Sports

The lighter side of sports

The ball keeps going in the net: An NBA game was played Sunday in London, and the Daily Telegraph noted, "As far as value for money goes, not much can beat basketball. Nonstop on-court action breeds scores that reach triple figures, keeping you entertained every minute the ball is in play."

In other words, it's not the least bit like soccer.

Reason to cheer: The fast pace notwithstanding, not all British fans were impressed by what they saw in the Nets-Heat contest. The sideline show was a different matter.
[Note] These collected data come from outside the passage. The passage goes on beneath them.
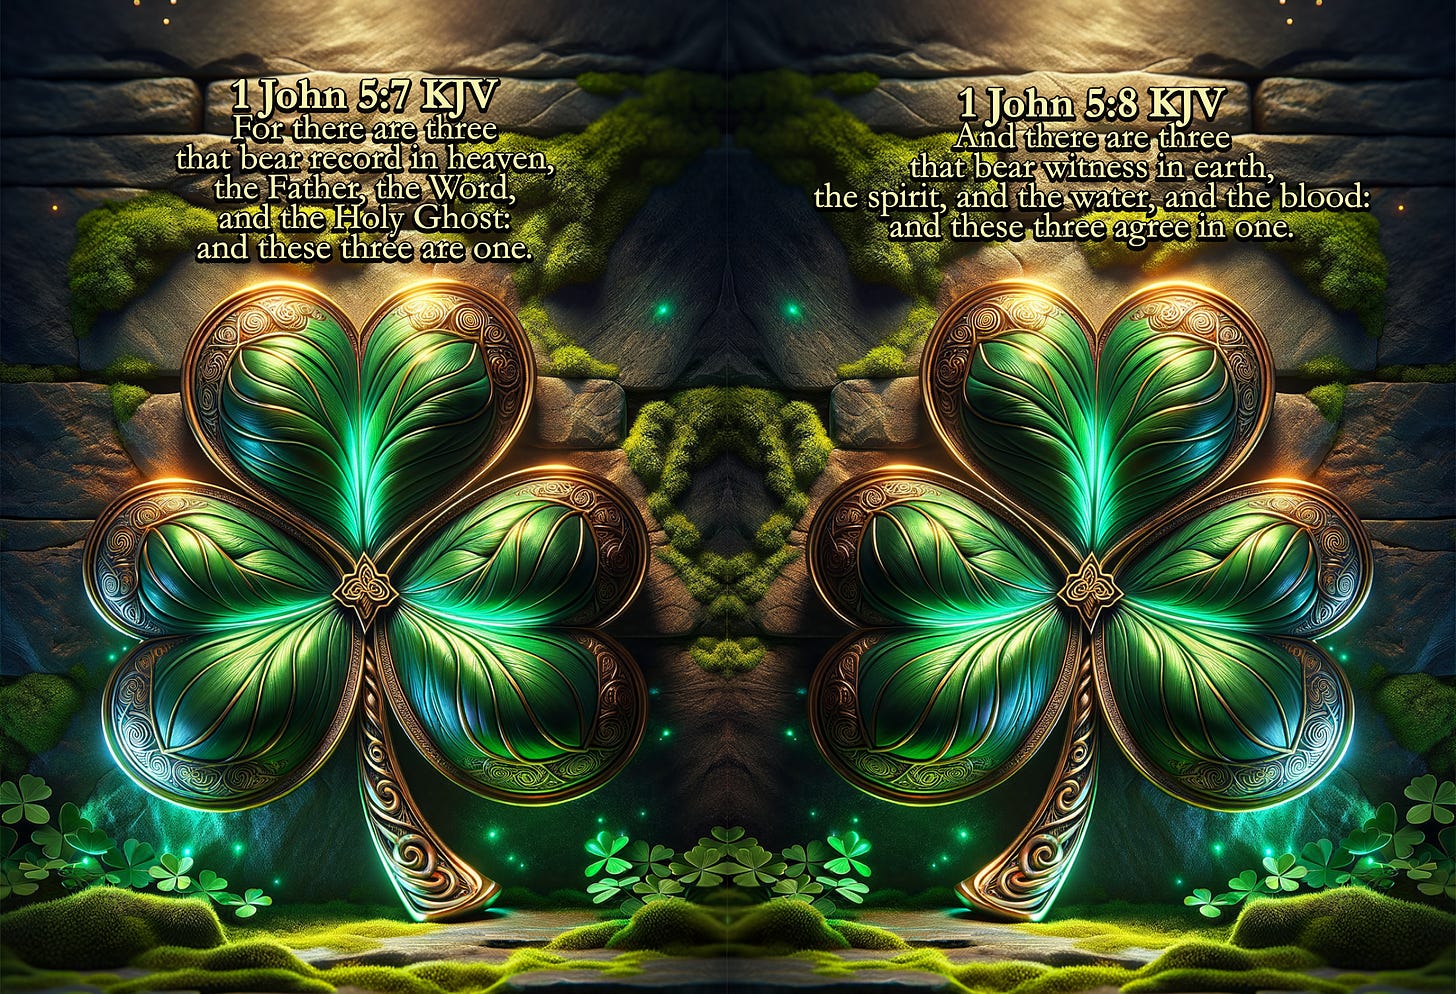 This is a richly detailed digital artwork that features a symmetrical design with a central motif resembling a stylized four-leaf clover, set against a backdrop that gives the impression of a rocky cave interior.  The clover leaves are ornately designed with intricate, swirling patterns that suggest a blend of organic and metallic textures. Each leaf has a luminous quality, with glowing edges and what appears to be a light source emanating from the center, casting a gentle green light onto the surrounding surfaces. The leaves are colored in various shades of green with golden embellishments that highlight the swirling designs.  The background is darker, featuring what looks like moss-covered rocks with small, round, green plants that could be interpreted as clover or moss patches. The composition has a mirrored quality, suggesting symmetry along the vertical axis. There's a mystical or ethereal atmosphere to the scene, possibly evoking a sense of nature combined with fantasy.  Overlaying the image on the left and right sides are blocks of text, which are scripture references from the King James Version of the Bible. On the left, 1 John 5:7 speaks of a trinity in heaven, referencing the Father, the Word, and the Holy Ghost. On the right, 1 John 5:8 complements this by mentioning a trinity on earth, the spirit, the water, and the blood, with both verses ending with the affirmation that these three agree in one.  The overall impression is one of a deeply symbolic and spiritual message, conveyed through a visual motif that might be associated with Irish or Celtic culture, given the resemblance to a four-leaf clover and the use of green, which is often related to those themes. The art could be interpreted as representing the spiritual connection between heaven and earth, with the clover uniting the elements of both realms in its design.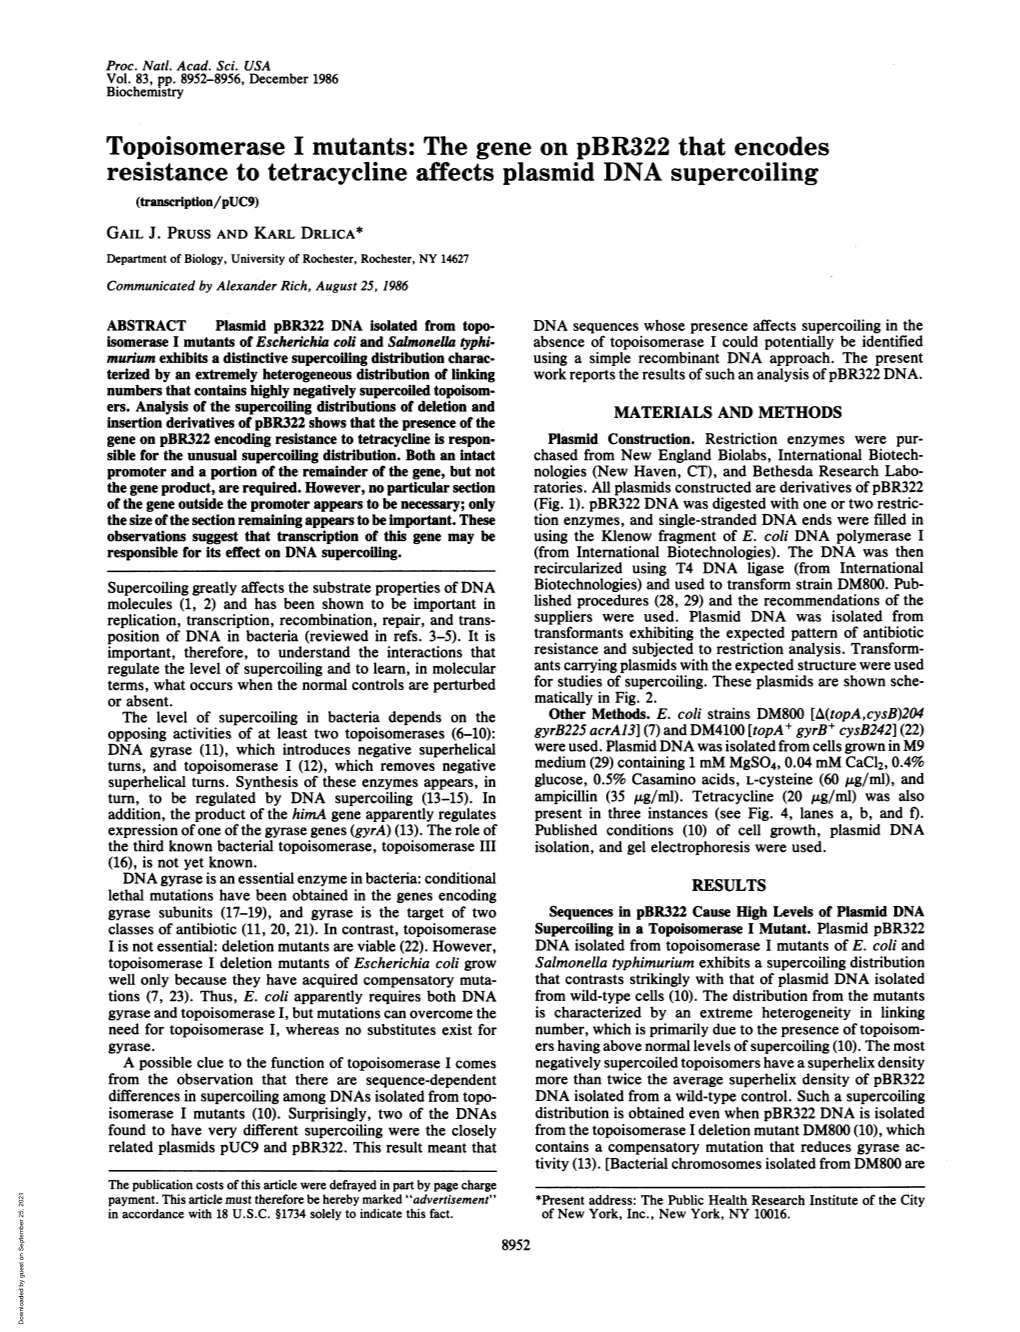 Resistance to Tetracycline Affects Plasmid DNA Supercoiling (Transcription/Puc9) GAIL J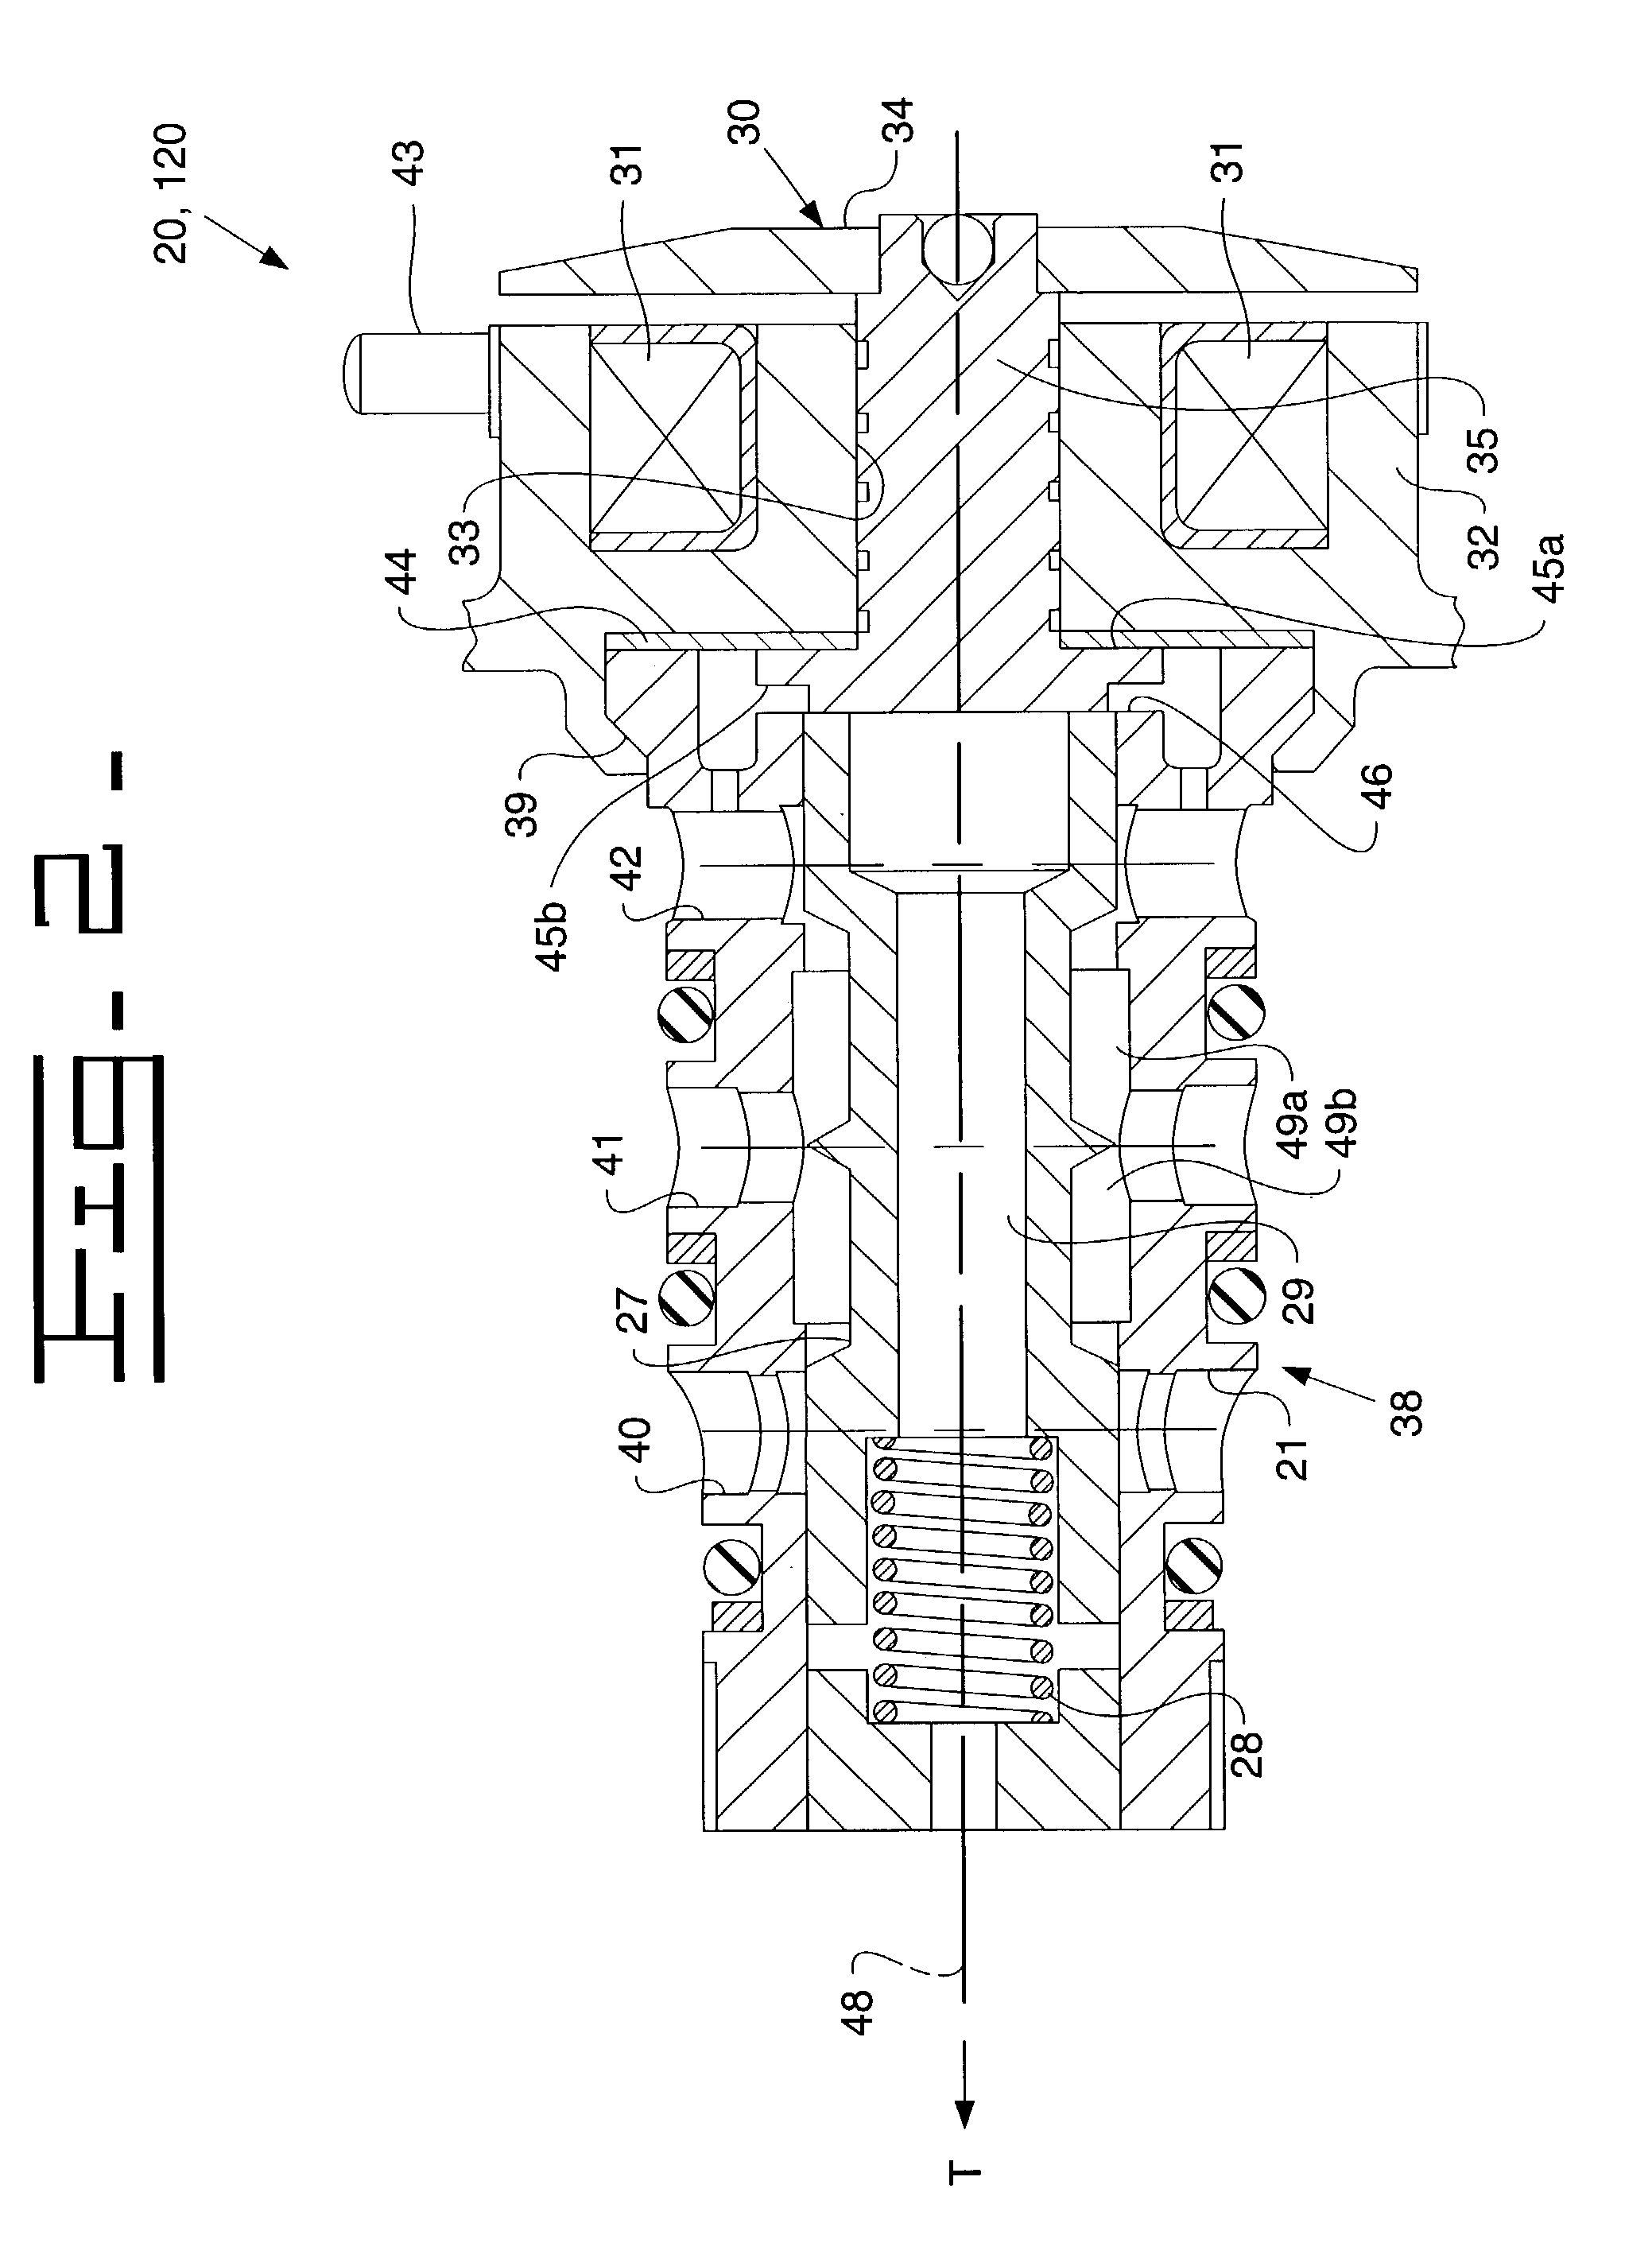 Electrically controlled fluid system with ability to operate at low energy conditions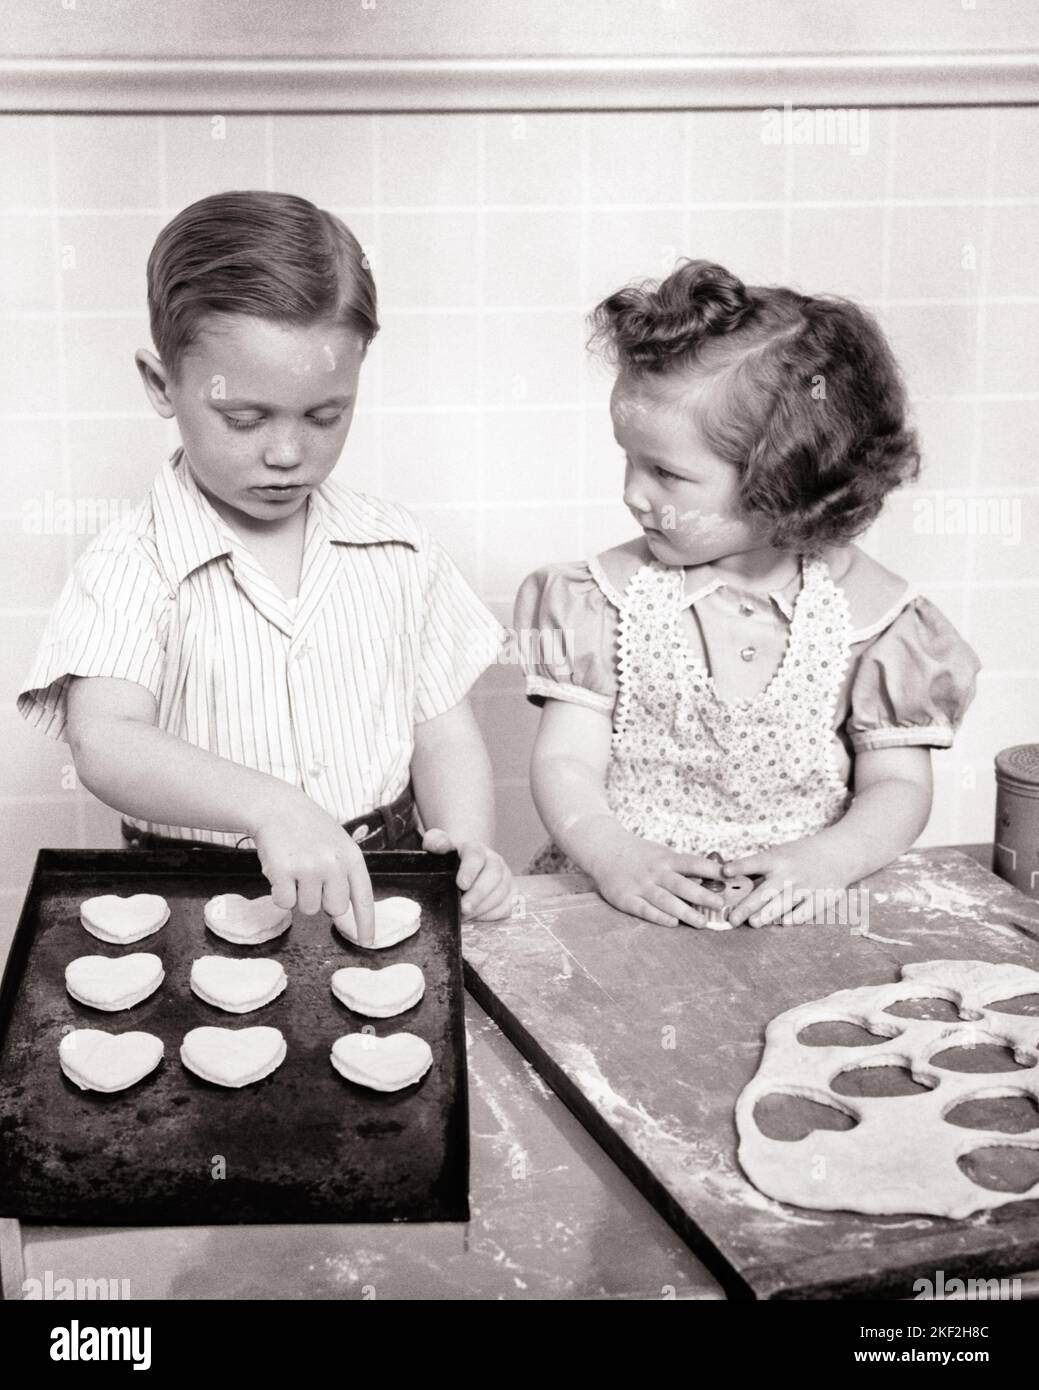 1940s HUMOR BOY AND GIRL IN KITCHEN MAKING HEART-SHAPED VALENTINE COOKIES BOY FOCUSED ON COOKIES GIRL FOCUSED ON BOY - v15 HAR001 HARS STRONG JOY LIFESTYLE SATISFACTION FEMALES STUDIO SHOT HOME LIFE COPY SPACE FRIENDSHIP HALF-LENGTH PERSONS THOUGHTFUL INSPIRATION CARING MALES COOKIES VALENTINES SAINT B&W GOALS HAPPINESS HIGH ANGLE VALENTINE'S TO RELATIONSHIPS CONNECTION CONCEPTUAL FEBRUARY FRIENDLY ST. SINCERE PERSONAL ATTACHMENT SYMBOLIC AFFECTION COOPERATION CREATIVITY EMOTION FOCUSED GROWTH INTENSE JUVENILES TOGETHERNESS VALENTINES DAY BLACK AND WHITE CAREFUL CAUCASIAN ETHNICITY EARNEST Stock Photo

"It didn't help that the Heat started anything but hot, and got roundly thrashed in a first quarter that ended 30 points to 16," the Daily Telegraph continued. "And while they rallied in the second quarter, the biggest cheer was reserved for the team's dancers, who bounded onto the court at every opportunity clad in Union Jack T-shirts and little else."

No longer a fillies' man: Oak Tree Racing Association's "Living Legends Race" on Saturday at Santa Anita features retired Hall of Fame jockeys such as Angel Cordero, 65, Gary Stevens and Julie Krone, each 45. It's a betting race so fans should take it seriously.

The jockeys are. Cordero, the eldest, gallops horses in mornings to stay fit but draws the line at going to the gym.

"The only thing I ever liked about going to the gym was looking at the girls," he explained. "And none of them are looking at me anymore."

Sad commentary: Toledo players had reason to celebrate their upset of Michigan on Saturday. But one, team captain and star receiver Nick Moore, partied a bit too hard and got arrested outside an Ohio bar.

Writes Fark.com: "Saturday afternoon, Nick Moore lit up Michigan for 20 catches. Saturday night he got himself lit, started a fist fight, and jumped to the top of the Bengals' draft wish list."

Caught in the act: Seven fans were arrested during Game 2 of the ALCS between the Red Sox and Rays, the St. Petersburg Times reports.

Most arrests were on suspicion of disorderly conduct and one involved a man who sneaked into a dugout. Mused a blogger on Sportsbybrooks.com: "He later snuck into the Red Sox's bullpen, stole a uniform and tried to disguise himself as Mike Timlin, but was caught when he accidentally threw too many strikes."